The correct strategy choice in this game, of course, depends on the weather forecast’s probability of rain and its accuracy. It is called a stochastic game because the outcome depends on chance. It is called a “game against nature”, not because we’re talking about rain, but because we are playing against a complex system and not against an individual. The stock market, for example, would also be included in this definition of nature.

If these were the payoffs (I made them up), at what probability of rain would you switch strategies?

I think we can gain some insight into some retirement financial decisions if we look at them from a game theory perspective. In particular, I think game theory can make us focus on all possible results of our financial decisions and not just the most likely outcomes. In my next few blogs, I’ll provide some examples from retirement finance and we’ll find out if you agree, starting with Game Theory and Social Security Benefits.



  1. I think I can see where this is going. I bought a plain-vanilla annuity 4 years ago at a payout rate I liked, but of course if I die tomorrow, that money will be gone, none of it available to my kids.

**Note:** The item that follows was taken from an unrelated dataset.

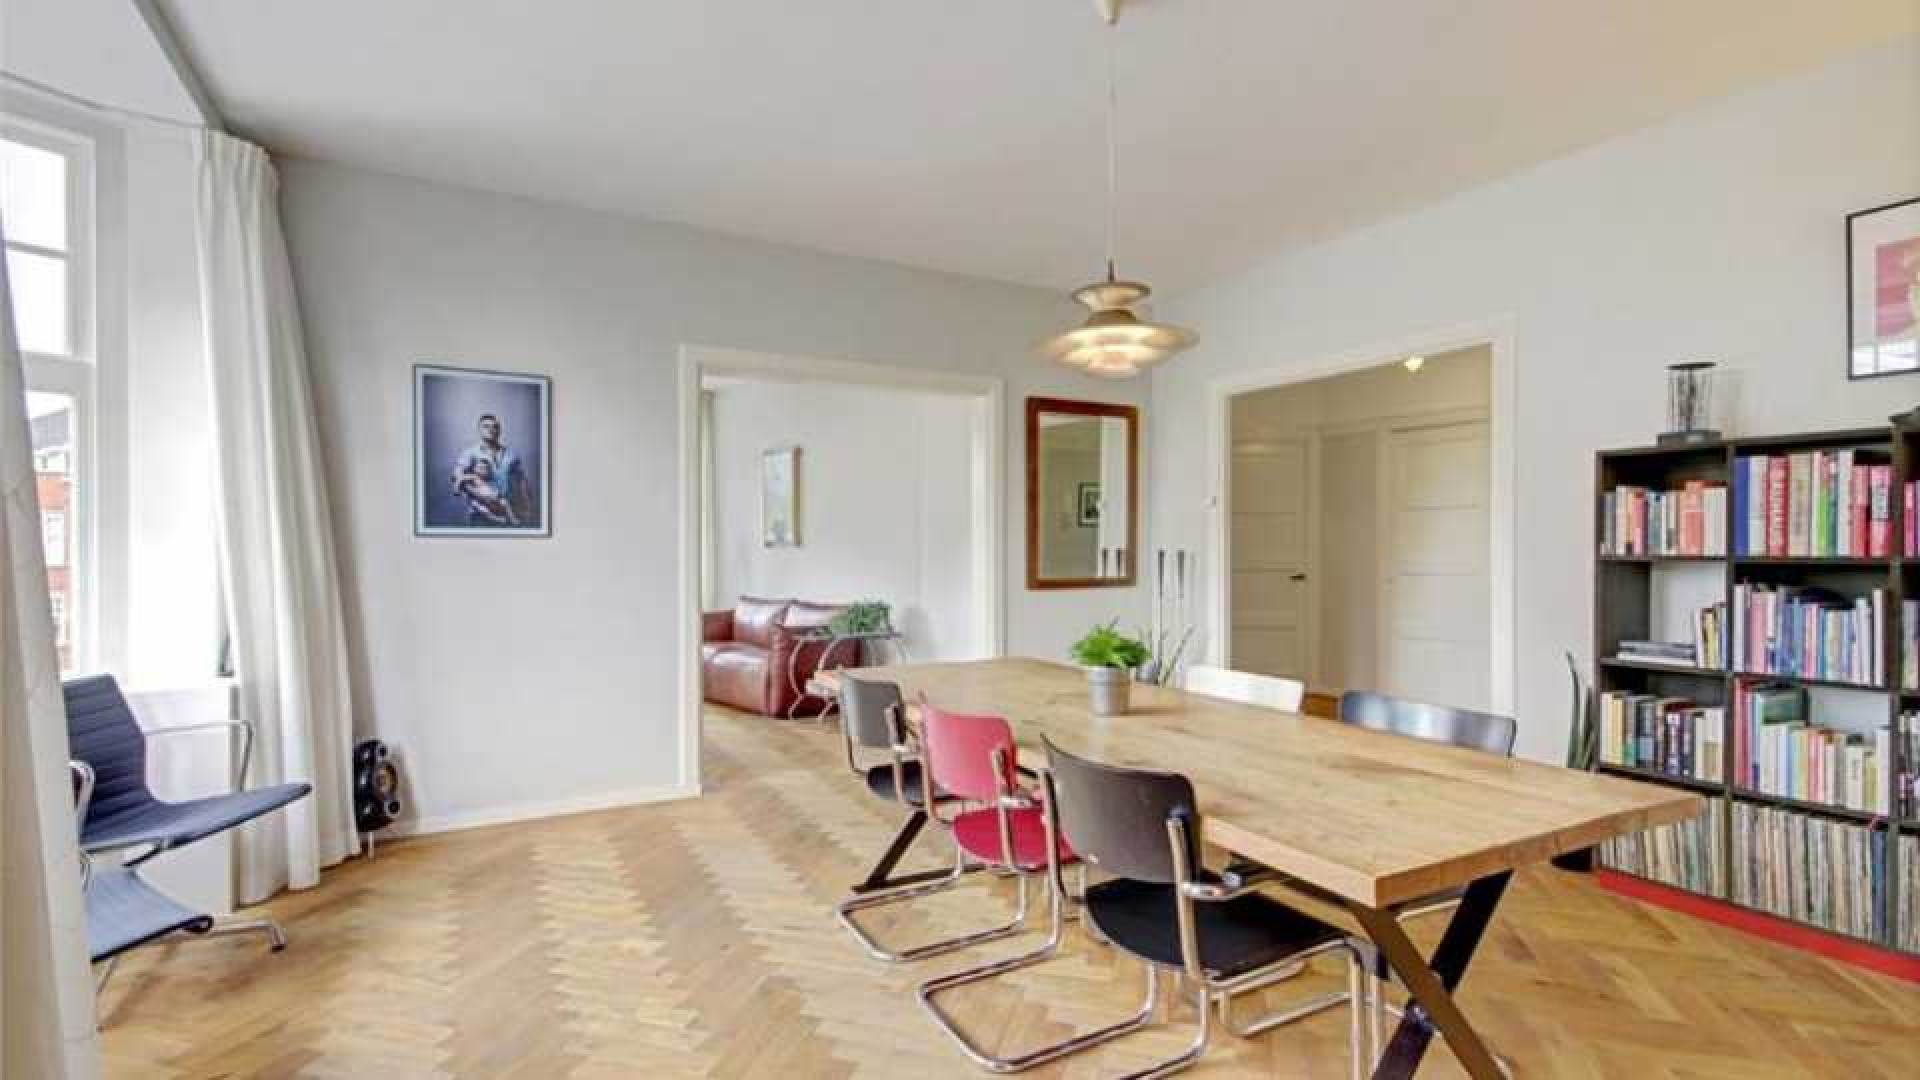 Flikken Maastricht acteur Victor Reinier koopt luxe appartement in Amsterdam Zuid. Zie foto's 3

If interest rates move up sharply, I will have stupidly short-changed myself.

    On the other hand, in any case, I still have the payout that I bargained for, and if I live to 105 I'll still get it (albeit much devalued by inflation).

    Have I "won" or have I "lost"? If I put the correct % of my available funds into this flooring strategy, in my mind I will have won in any case, but perhaps others would feel differently, especially if it mattered to them not to look "dumb", or if they interpret winning differently from me.

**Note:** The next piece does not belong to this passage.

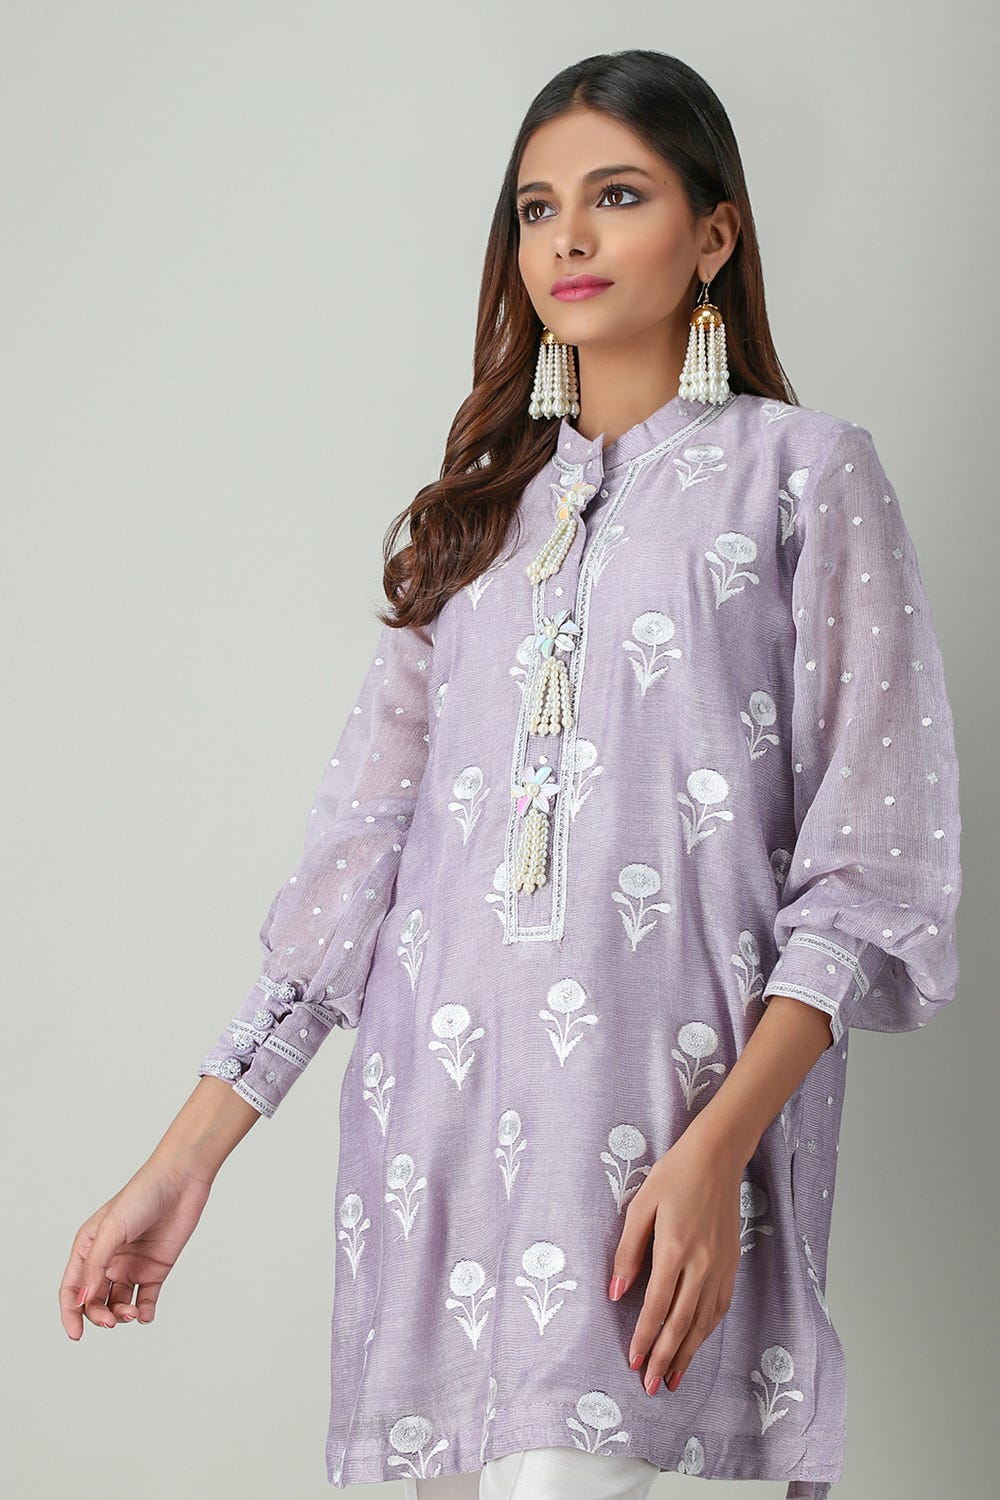 Ladies Saphire/ Al karam/ Khaadi Nishat Original printed Khader Kurta/ shirt

  2. That is SOOOO not where this is going.

    I have no knowledge of your financial situation but, if anything, game theory would probably suggest that you buy the annuity. Many game theory decision rules are based on avoiding the worst case loss (MAD and Prisoner's Dilemma, for example), which an annuity would do.

    Game theory lets you assign your own payoffs, so strategies work differently for different people.

    "Looking dumb" refers to walking around the Sahara in a rain coat. It has nothing to do with financial decisions.

    Stick with me a while longer.

  3. I guess I wasn't clear: I DO think I've won the game that I happen to be playing, which is to have a known, steady income stream, even if it isn't optimal. However, others may be playing a completely different one: make as much money as possible, even if there's a significant possibility of failure.

    1. You were quite clear about how you feel about your decision and I agree with you. You were unclear about where I'm going with this discussion.

  4. Good, I will check in later to find out. Thanks for interesting posts.

  5. Excellent! I promise to let you know where this is headed the instant that I know.